> **How to complete this task**: Before returning the data, strip out the pictures and keep everything else exactly the same.
==== Material for this task
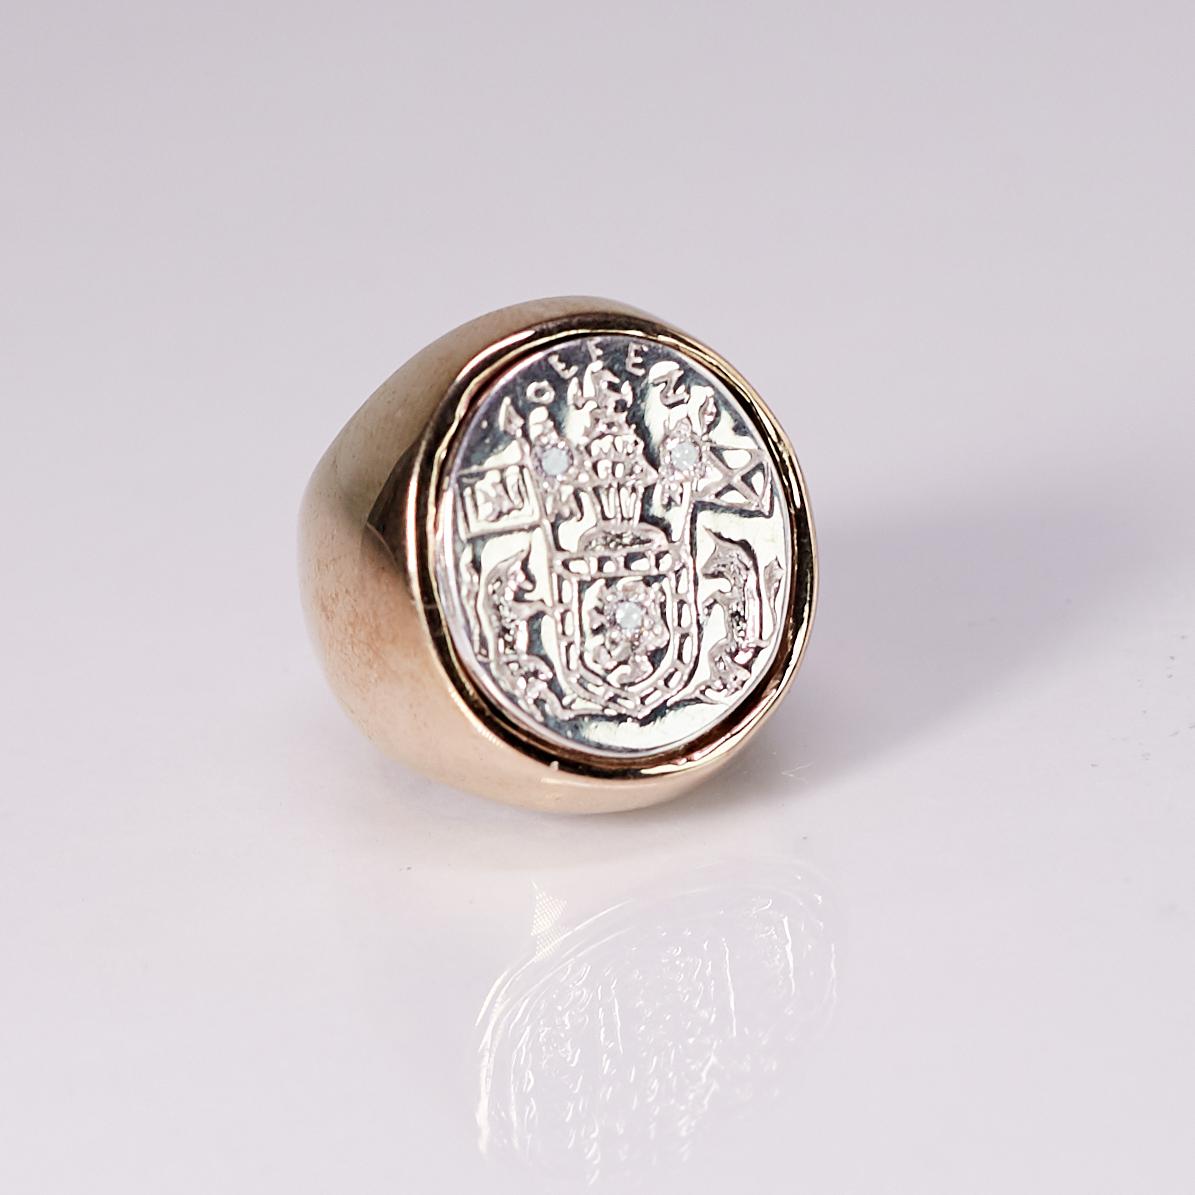 La bague chevalière avec écusson en diamant blanc en argent sterling et bronze J Dauphin peut être portée par les femmes ou les hommes.

Inspiré de la bague de la reine Marie d'Écosse. Bague sigillaire en or ; gravée ; épaules ornées de fleurs et de
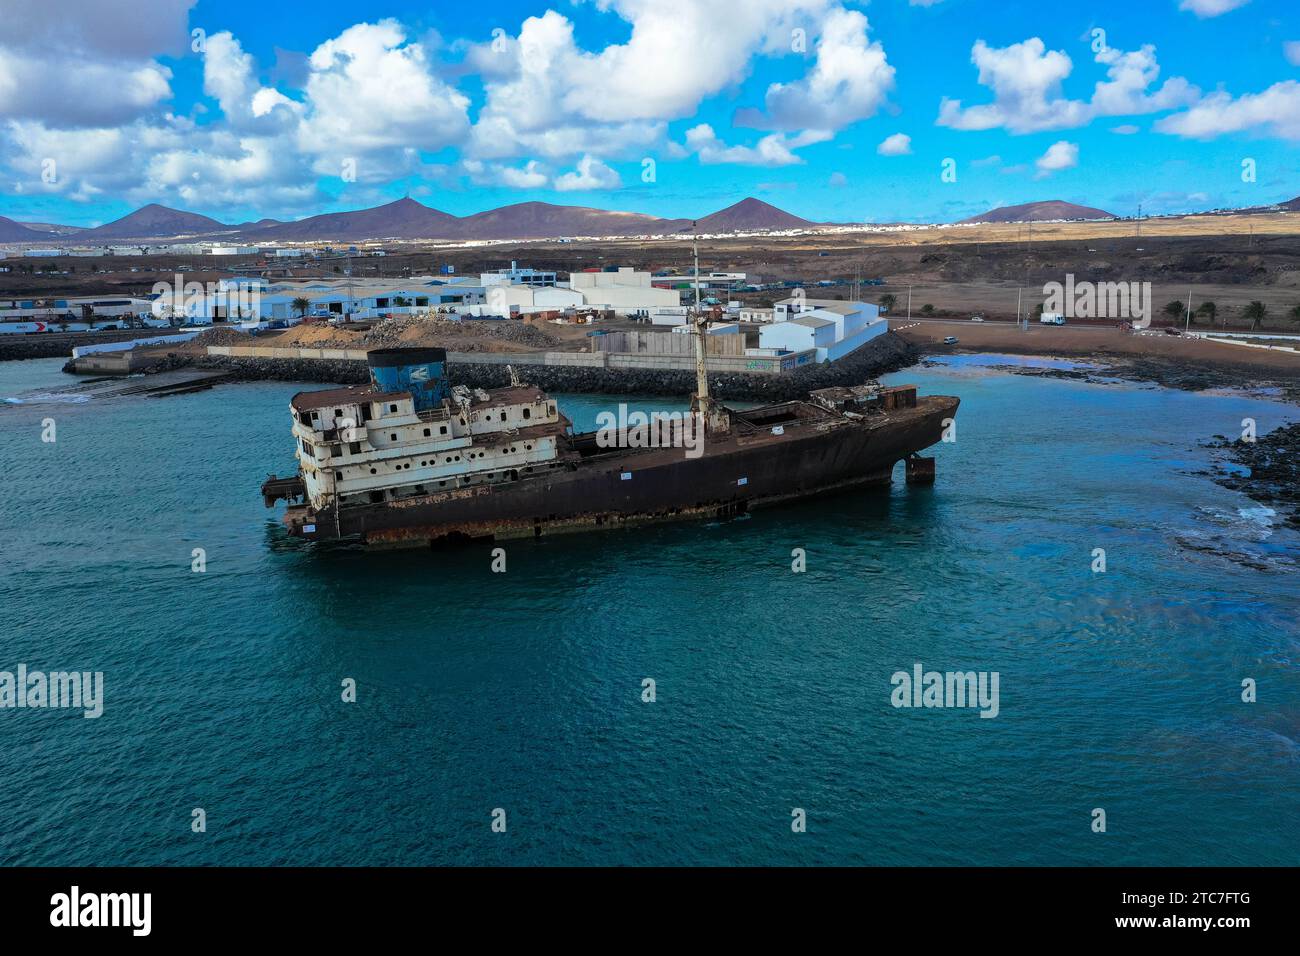 Drohnenfoto. Schiffswrack namens Tempelhalle oder Telamon in einer Bucht in der Nähe des Industriehafens Arrecifes auf den Kanarischen Inseln Lanzarote. Ökologische Disas Stockfoto
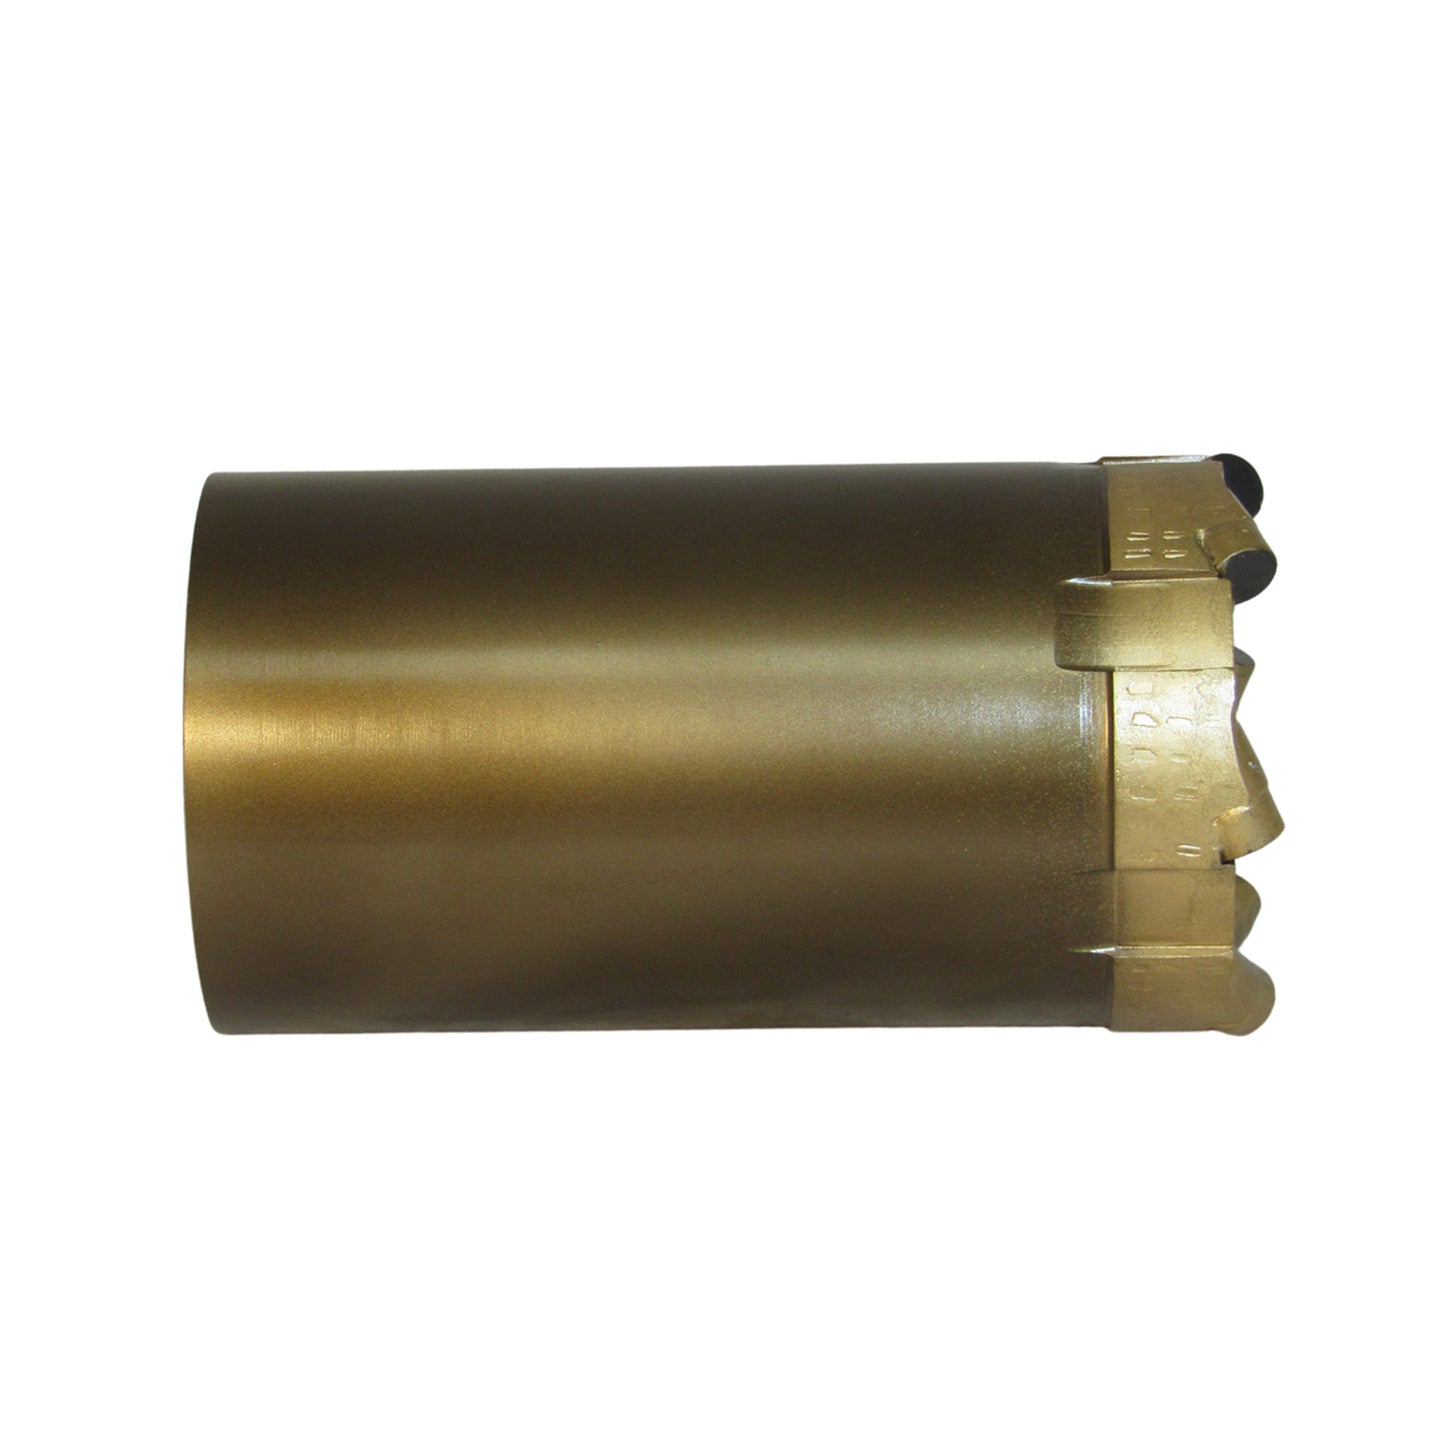 Phoenix T2-101 Coring Drill Bit - PCD - Standard
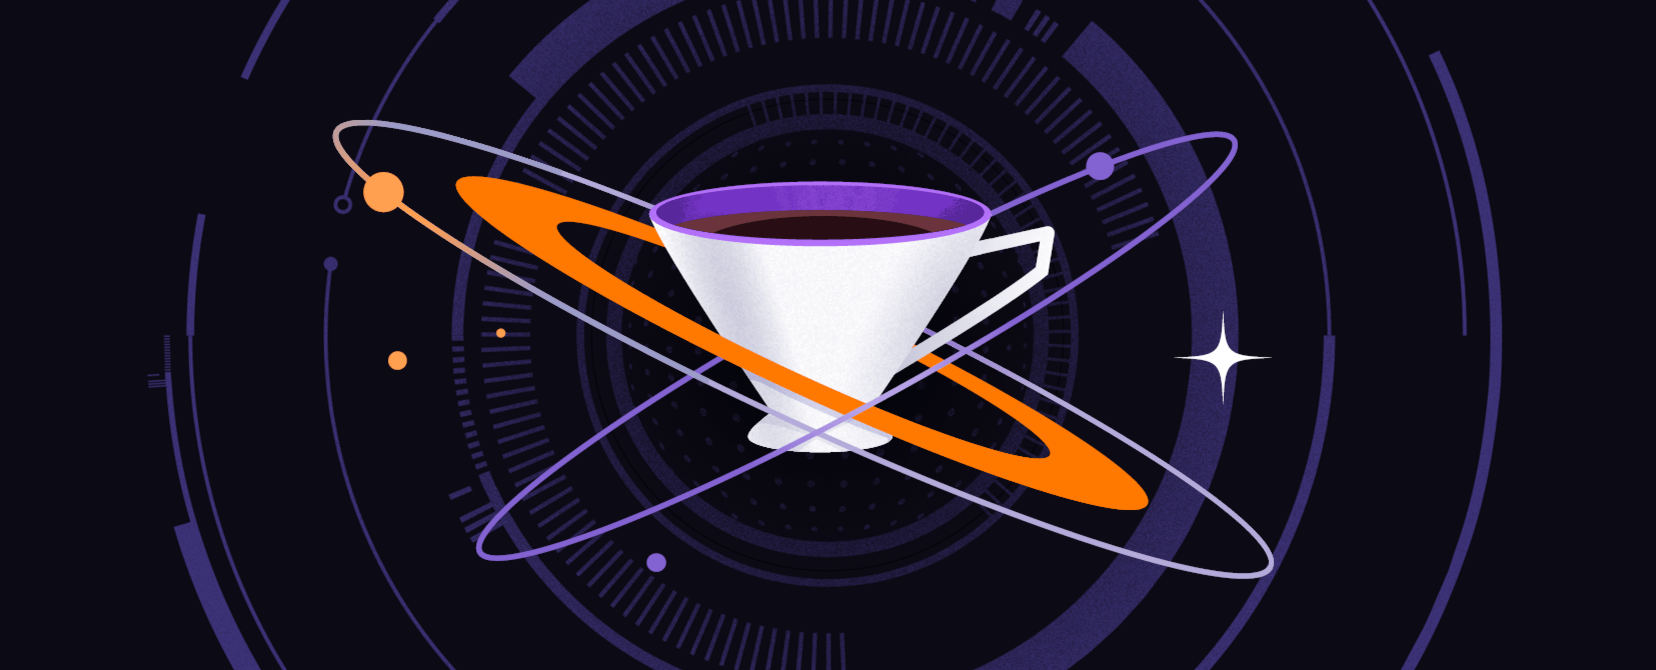 Czarna prostokątna plansza z białą filiżanką z kawą w centrum, otoczoną trzema orbitami, na tle fioletowego zarysu stacji kosmicznej
========
> **Response to the task**:
 La bague chevalière avec écusson en diamant blanc en argent sterling et bronze J Dauphin peut être portée par les femmes ou les hommes.

Inspiré de la bague de la reine Marie d'Écosse. Bague sigillaire en or ; gravée ; épaules ornées de fleurs et de
 Drohnenfoto. Schiffswrack namens Tempelhalle oder Telamon in einer Bucht in der Nähe des Industriehafens Arrecifes auf den Kanarischen Inseln Lanzarote. Ökologische Disas Stockfoto
 Phoenix T2-101 Coring Drill Bit - PCD - Standard
 Czarna prostokątna plansza z białą filiżanką z kawą w centrum, otoczoną trzema orbitami, na tle fioletowego zarysu stacji kosmicznej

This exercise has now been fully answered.